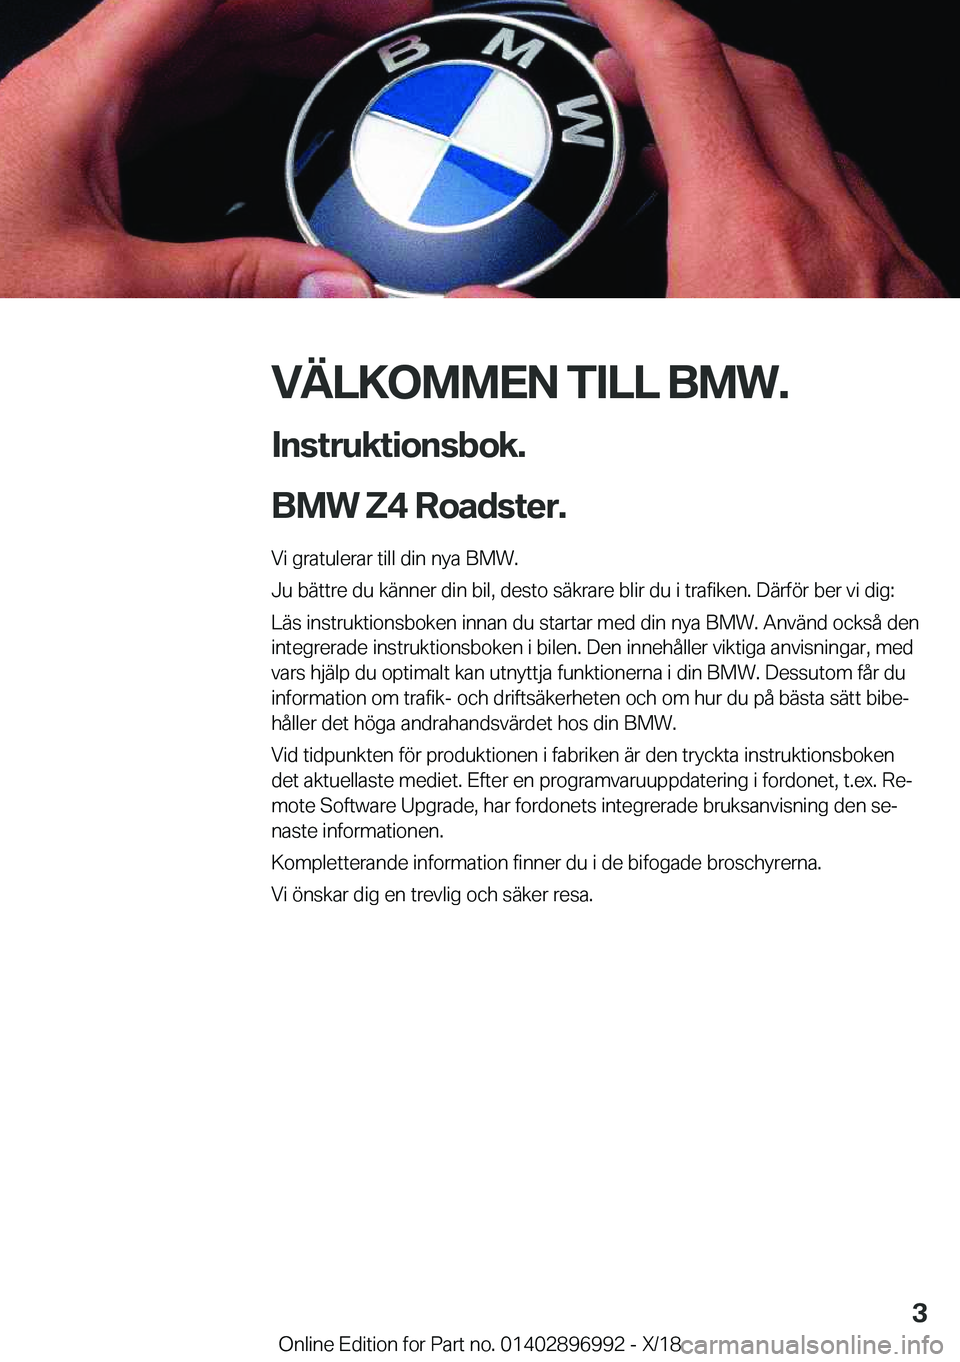 BMW Z4 2019  InstruktionsbÖcker (in Swedish) �V�Ä�L�K�O�M�M�E�N��T�I�L�L��B�M�W�.�I�n�s�t�r�u�k�t�i�o�n�s�b�o�k�.
�B�M�W��Z�4��R�o�a�d�s�t�e�r�.
�V�i��g�r�a�t�u�l�e�r�a�r��t�i�l�l��d�i�n��n�y�a��B�M�W�.
�J�u��b�ä�t�t�r�e��d�u��k�ä

WORK ITEM
Apart from the images, every line above needs to be printed again exactly.

PROBLEM SOLUTION
 BMW Z4 2019  InstruktionsbÖcker (in Swedish) �V�Ä�L�K�O�M�M�E�N��T�I�L�L��B�M�W�.�I�n�s�t�r�u�k�t�i�o�n�s�b�o�k�.
�B�M�W��Z�4��R�o�a�d�s�t�e�r�.
�V�i��g�r�a�t�u�l�e�r�a�r��t�i�l�l��d�i�n��n�y�a��B�M�W�.
�J�u��b�ä�t�t�r�e��d�u��k�ä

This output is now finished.